The exact rmlint command line I used for bisecting was rmlint -T df -Dj -vv --hidden --xattr --with-fiemap /path/to/files.

I have no idea what did it fix or how, but you might want to do a point release or something.

SeeSpotRun commented 3 years ago

Thanks, looks like some faulty logic in https://github.com/sahib/rmlint/commit/1e58df6d211f06812bbe36862b1cdc9512f346ed#diff-3f33733d2d2fd1104183b65c147d55eac073ed3526f24e71d84a5b15314f59eeL846-L852 ..which has to do with pre-matching duplicates based on being hardlinks and/or having same xattr checksum.

Will be fixed in next point release

intelfx commented 3 years ago

@SeeSpotRun current develop is being being pretty crashy for me (for unrelated reasons). In the meantime (until the point release happens), which commit from develop branch would you recommend to build and use? 1e58df6d211f06812bbe36862b1cdc9512f346ed?

SeeSpotRun commented 3 years ago

which commit from develop branch would you recommend to build and use?

I'd prefer to use the latest and fix whatever is causing:

current develop is being being pretty crashy for me

I'd appreciate details if you can share them. Otherwise the commit you nominated is probably as good as any.

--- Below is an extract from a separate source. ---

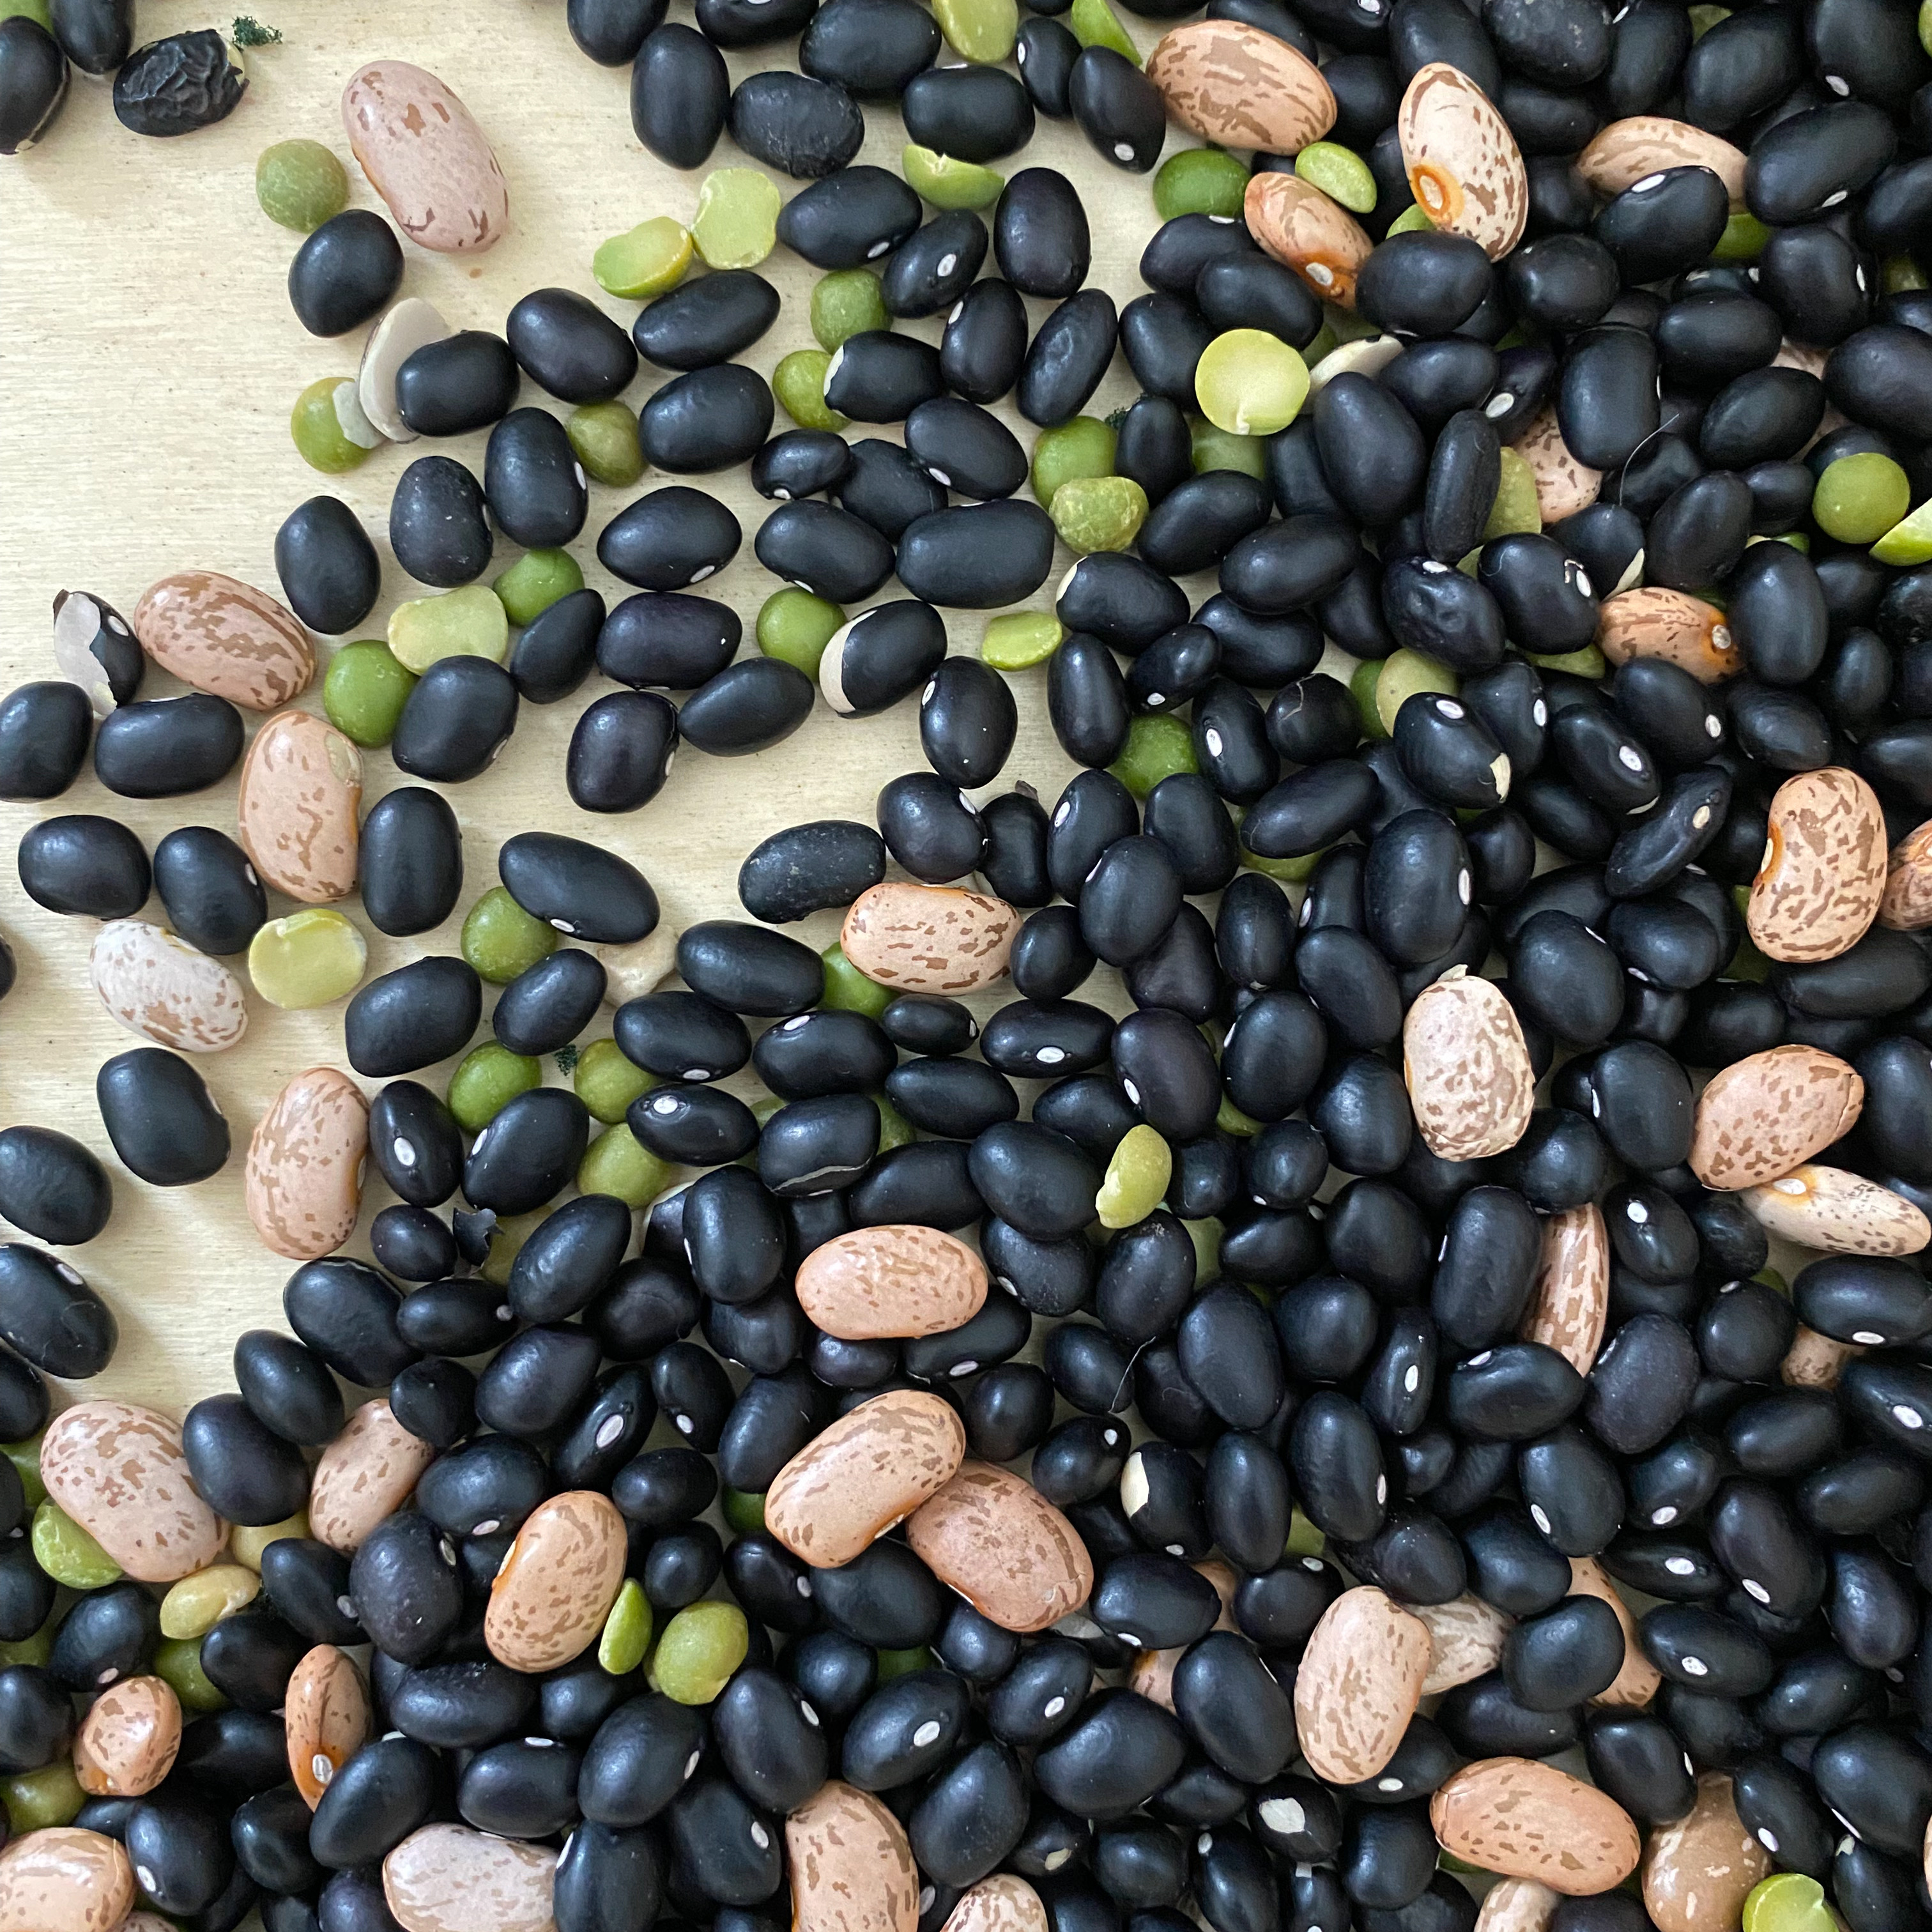 Dinosaur bin filler: primarily dried black beans with scattered pinto beans and green split peas.

cebtenzzre commented 1 year ago

I'm going to leave this open until a fix is available in master. @intelfx could you confirm that your issue is fixed in develop? Your fix is a status check, but the relevant change in develop appears to be an added group->n_unhashed_clusters > 0 check. And if there are unrelated crashes in develop, could you please open a new issue?

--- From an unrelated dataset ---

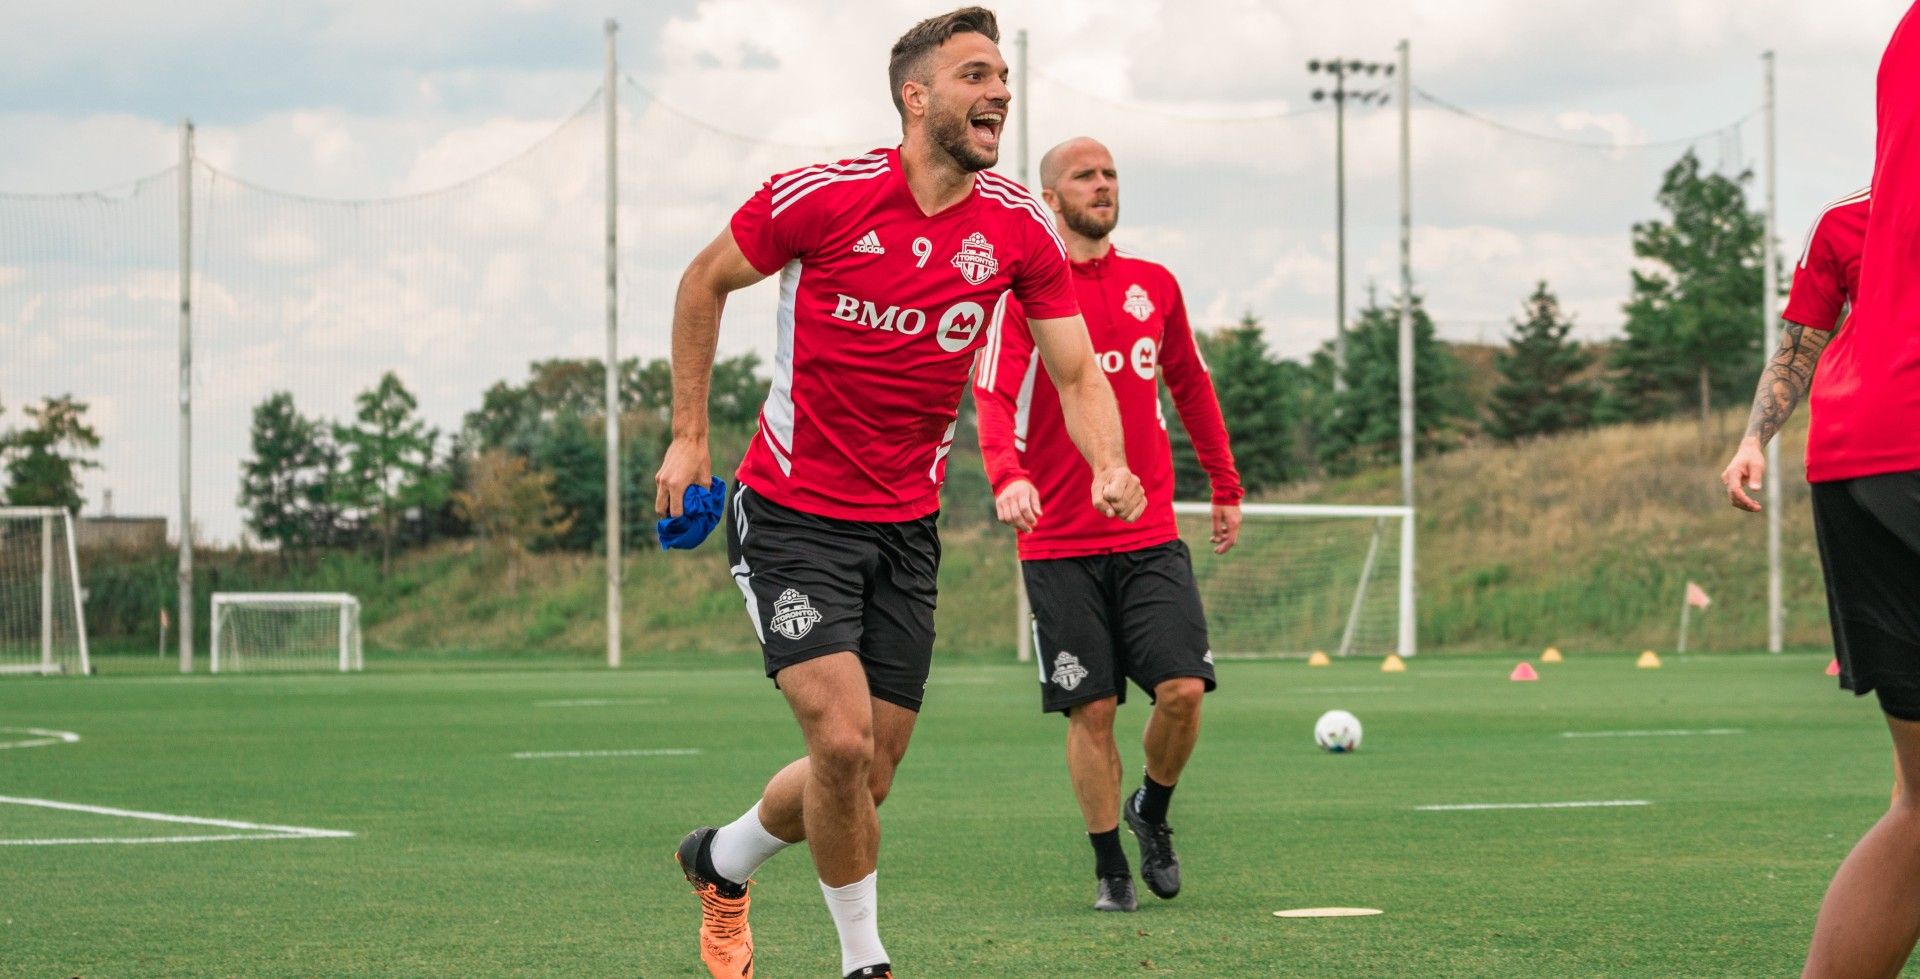 Toronto FC vs. New England: What you need to know

cebtenzzre commented 1 year ago

I was able to reproduce this by using cp -rl on a medium-sized directory and running rmlint -T df,dd --xattr on both copies at once. After the checksums have been written, it crashes every time.

intelfx commented 1 year ago

I got severely sidetracked and forgot about this issue, my apologies.

could you confirm that your issue is fixed in develop?

Frankly, not sure. Right now develop crashes during preprocessing with an g_path_get_dirname: assertion 'file_name != NULL' failed, whereas master sometimes crashes with this bug. Unfortunately I do not have a minimal reproducer for either issue. I'll try to post a report for the develop bug now.